Talk about your one-two punches: for in-flight entertainment, I managed to read all of Ha Jin's Waiting, and to watch Million Dollar Baby. When I got home from the airport, it seemed only fitting to watch the series finale of SFU. It reminded me of a day many, many years ago. I was in Newark, New Jersey for a conference. It was the first time I had really ever been in Newark outside of the airport. Everything around the conference was rundown and desolate. It just happened to be a grey day, but I wondered if it ever really could be sunny in Newark. As E and I drove by the boarded-up brownstones, through the streets where the sidewalks had periodic clusters of people huddled together, we turned and looked at each other sadly. We shrugged, and went to go watch Leaving Las Vegas. If you're going to be gripped with despair, you might as well get as much of it over in one sitting as possible.

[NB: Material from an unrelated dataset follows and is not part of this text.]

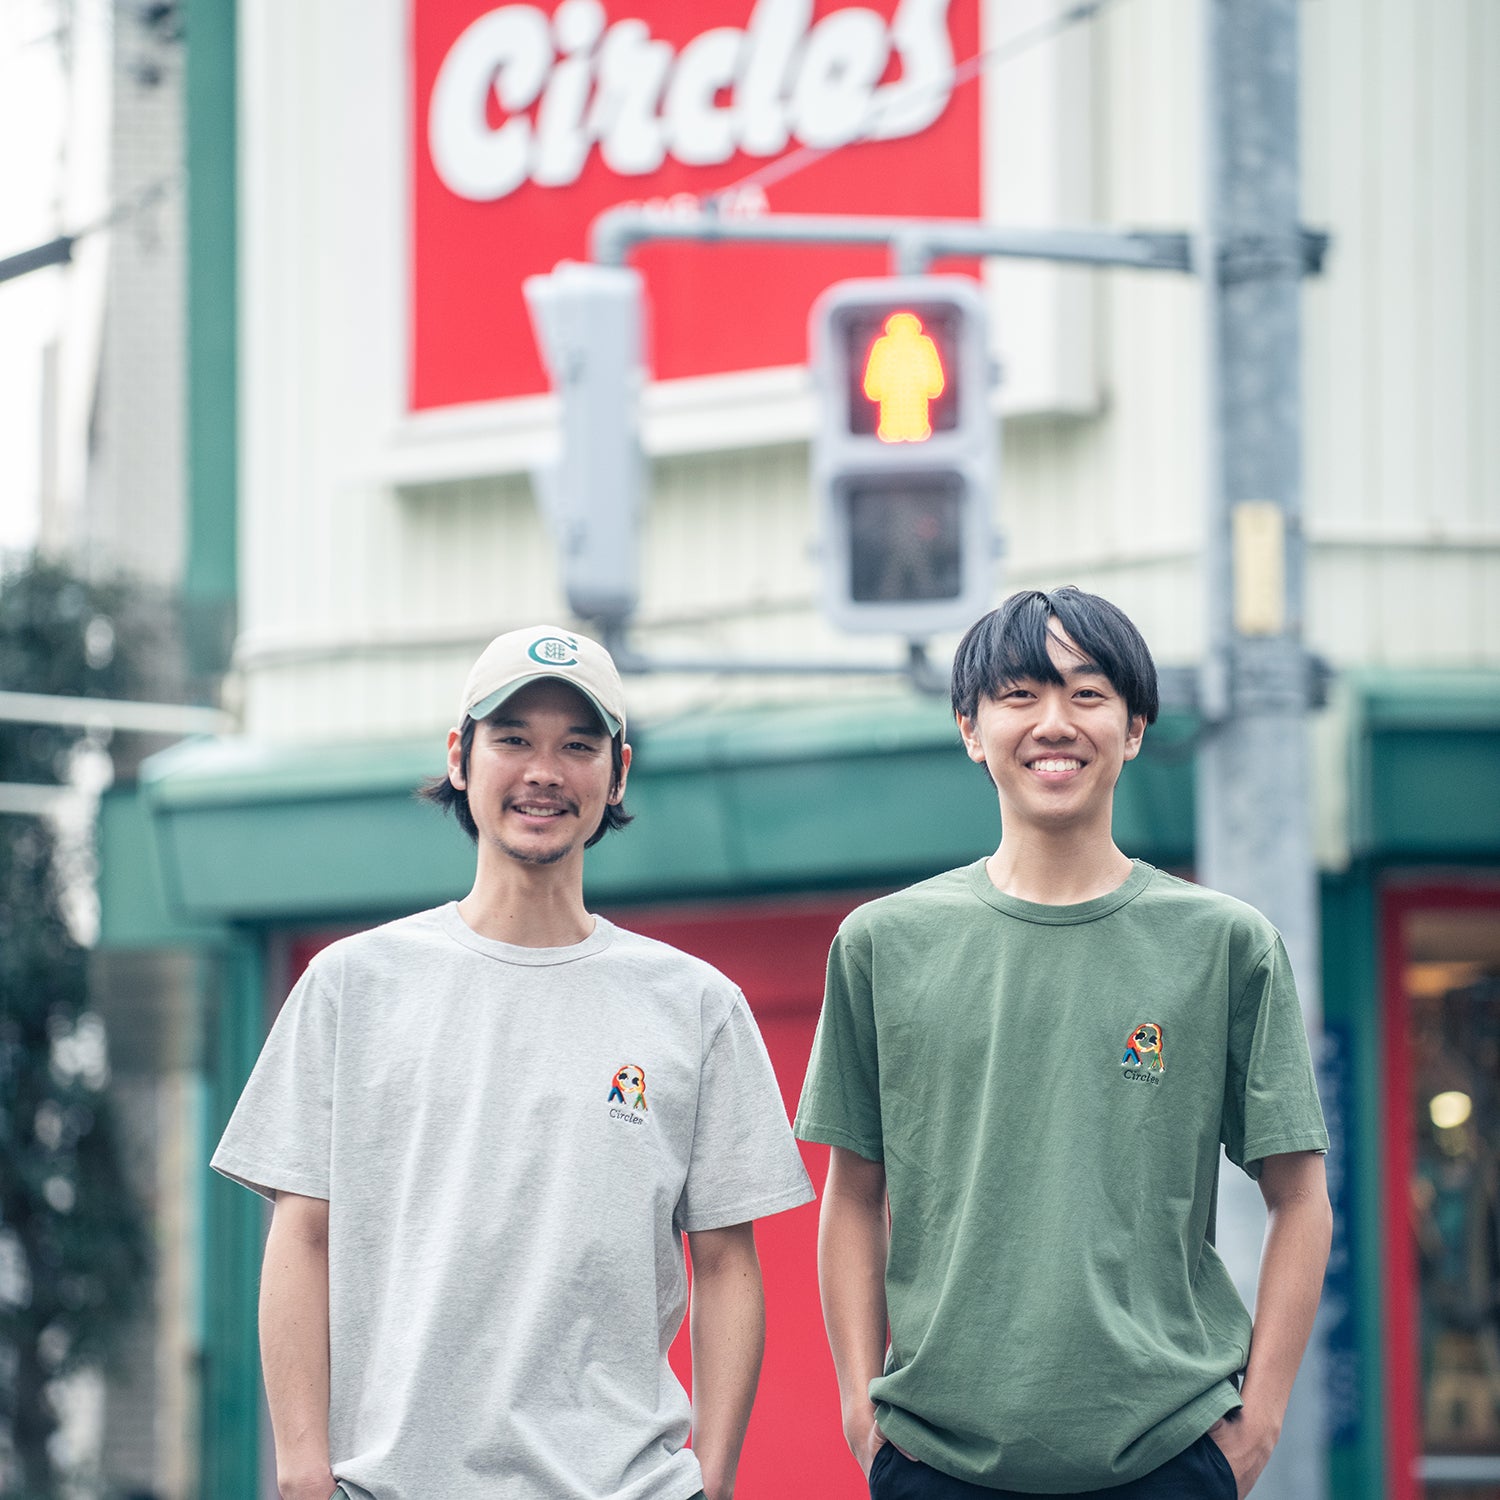 CIRCLES ORIGINAL TACOMA FUJI RECORDS meets Circles T-Shirt

Maybe, just maybe, I have a stalker. When I was getting ready to board the plane on Monday, HR from the interview called me on my cell phone. Then she called six times the next day- twice each to my cell phone, home phone, and work voicemail. And I had already called her back once during this craziness. Truth be told, I am partially to blame. I am trying to avoid her, to hold her off until the end of the week. Even though I might seem like I quite relish telling people to go shove it, I am actually completely uncomfortable turning down jobs. Besides which, I have not decided for sure that I am turning down this job. Let me tell you, this made for really fun conversation last night with both maisnon and SP. Since I am easily annoyed by other people's shortcomings, I try to vigilantly monitor slipping into the hypocrisy zone. I am pretty sure I am wearing everyone down with this ambivalence.
It is the first time in a long while that a decision has been so murky. I could draw up a list of advantages and disadvantages, but I lack the ability to weigh my options. There is a voice in my head that keeps saying, "you need more data." But at a certain point, there is also the law of diminishing returns to consider. You can analyze a decision from every angle, gather up all the information in the world, but there is always a level of uncertainty that can never be eliminated.
Meanwhile, time is passing by. Reading Waiting is a nice wake up call that reiterates that deceptively obvious point. It is literally the manifestation of life is what happens when you're busy making other plans. Books like this are a kind of torture. I did not necessarily love this book, but it haunts me. It crawls into the folds of my brain, and keeps recurring. It woke me up in the middle of the night: I hope I am not sleepwalking. I hope I am not waiting for something I might one day not want. Waiting articulated a notion I have always held- the act of waiting can damage desire.